Und das Beste: Kein sperriges Matratzenpaket mehr auf dem Motorrad, das sich beim Packen wie ein Tetris-Endgegner anfühlt. Die Hängematte ist leicht, kompakt und passt in jede Tasche – was uns beim Fahren im Gelände echt zugutekommt. Weniger Gewicht, weniger Volumen, mehr Kontrolle. Und mehr Platz für die wirklich wichtigen Dinge: Kaffee, Werkzeug und ein bisschen Wahnsinn.
Regen? Mit Tarp kein Problem
Natürlich regnet es. Immer dann, wenn man denkt: „Ach, heute lassen wir das Tarp weg.“ Das Wetter scheint ein feines Gespür dafür zu haben, wann man übermütig wird. Zum Glück sind wir vorbereitet – mit einem leichten, wasserdichten Tarp, das sich in Sekunden über die Hängematte spannen lässt und uns zuverlässig trocken hält. Kein Tropfen kommt durch… außer man vergisst, es festzubinden. Was uns natürlich nie passiert. Also, fast nie. Manchmal gewinnt die Schwerkraft eben doch.
Wenn der Himmel allerdings schon tagsüber aussieht, als würde er nachts sämtliche Schleusen öffnen, dann gönnen wir uns auch mal ein günstiges Zimmer. Nicht aus Schwäche – aus strategischer Klugheit. Und ganz ehrlich: Eine heiße Dusche ist nach Tagen voller Meerwasser‑Bädern eine überraschend luxuriöse Abwechslung. Ein bisschen Zivilisation schadet nicht, bevor man wieder in die Baumwipfel zieht.
Material & Qualität: Warum nicht jede Hängematte gleich ist
Viele denken bei Hängematten an dünne Netze aus dem Gartenmarkt, die schon beim Anschauen reißen. Outdoor‑Hängematten sind dagegen kleine Hightech‑Wunder: reißfestes Nylon, verstärkte Nähte, stabile Aufhängungen. Das macht den Unterschied zwischen „Ich schlafe wie ein Baby“ und „Ich falle um drei Uhr morgens wie ein nasser Sack auf den Waldboden“. Wer viel reist, sollte auf eine robuste Verarbeitung achten – sie entscheidet über Komfort und Langlebigkeit.
Aufhängungssysteme: Gurte statt Knoten
Knoten können romantisch wirken, aber spätestens beim Regen oder wenn man müde ist, wünscht man sich etwas Einfacheres. Moderne Baumschlingen mit Schlaufen sind schnell, sicher und baumschonend. Außerdem ersparen sie dir Diskussionen mit Förstern oder Platzbesitzern. Einmal eingehängt, hält das Setup bombenfest – und du musst nicht heimlich YouTube‑Tutorials schauen, wie man einen „doppelten Palstek“ macht.
Tiere & Natur: Wer nachts so vorbeischaut
In der Hängematte bist du näher an der Natur – und manchmal näher an ihren Bewohnern. Meistens sind es harmlose Besucher: neugierige Igel, raschelnde Mäuse oder ein Frosch, der sich fragt, warum du in seinem Wohnzimmer hängst. Wichtig ist nur: Lebensmittel nicht offen liegen lassen. Sonst wirst du zum nächtlichen Buffet.
Warum Hängematten perfekt fürs Motorrad‑Camping sind
Weniger Gewicht, weniger Volumen, weniger Stress. Sie passt in jede Tasche und macht das Motorrad leichter und wendiger – gerade im Gelände ein echter Vorteil. Außerdem entfällt das Drama mit nassem Zelt, matschigem Boden und sperrigen Packsäcken. Du packst schneller, fährst früher los und hast mehr Zeit für Kaffee. Und wer will das nicht?

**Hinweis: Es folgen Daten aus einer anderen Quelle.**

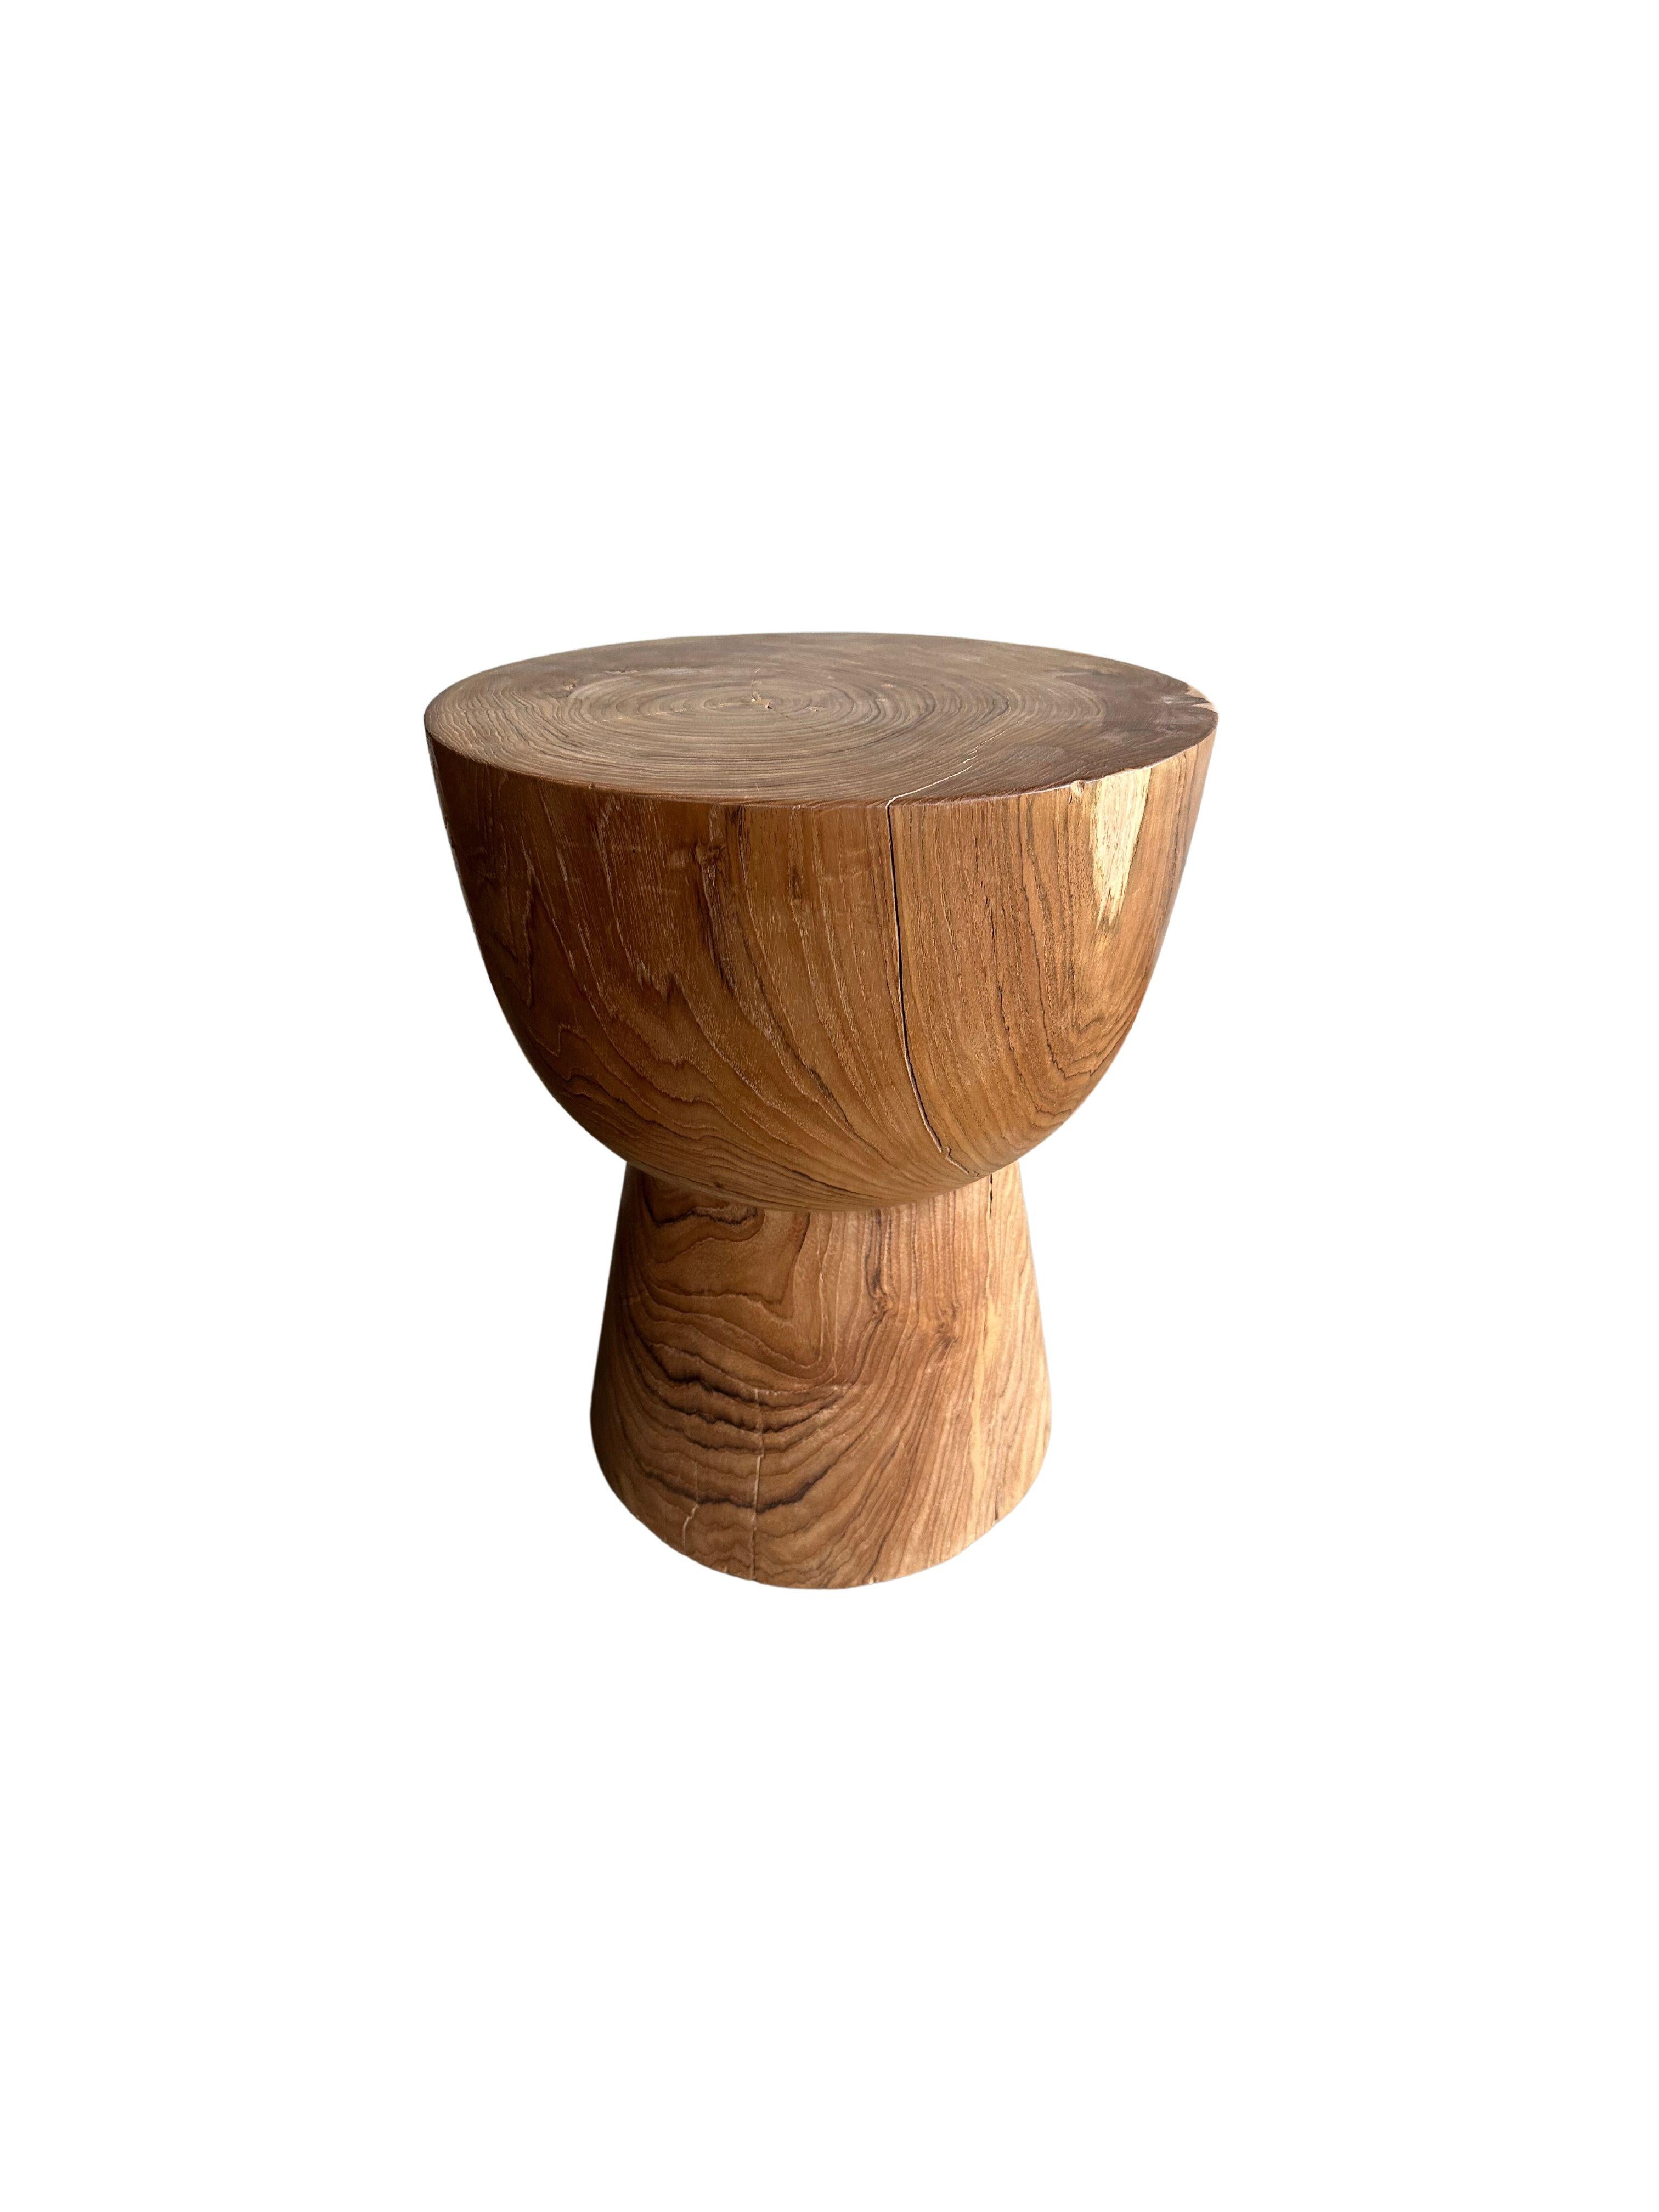 Indonesian Sculptural Teak Wood Side Table, with Stunning Wood Textures, Modern Organic

Fazit: Drei Bäume, ein Netz, ein Tarp – und du schläfst wie ein König
Wer einmal in einer Hängematte geschlafen hat, will nie wieder zurück ins Zelt. Es sei denn, du magst Rückenschmerzen, feuchte Böden und das Gefühl, in einer Plastiktüte zu wohnen. Für alle anderen gilt: sie ist das neue Zelt. Wir empfehlen dir eine extra breite 🔗Hängematte* zu besorgen und diese allein zu verwenden. Ihr habt mehr Stoff zur Verfügung und es ist gemütlicher. Und falls du gerade überlegst, ob du wirklich drei Bäume findest – keine Sorge. Die Natur ist voll davon. Du musst nur mal die Augen offen halten. Und wenn du auf dem Campingplatz danach fragst, dann mit dem richtigen Gesichtsausdruck. Am besten so, als würdest du gleich ein Ritual durchführen. Das wirkt.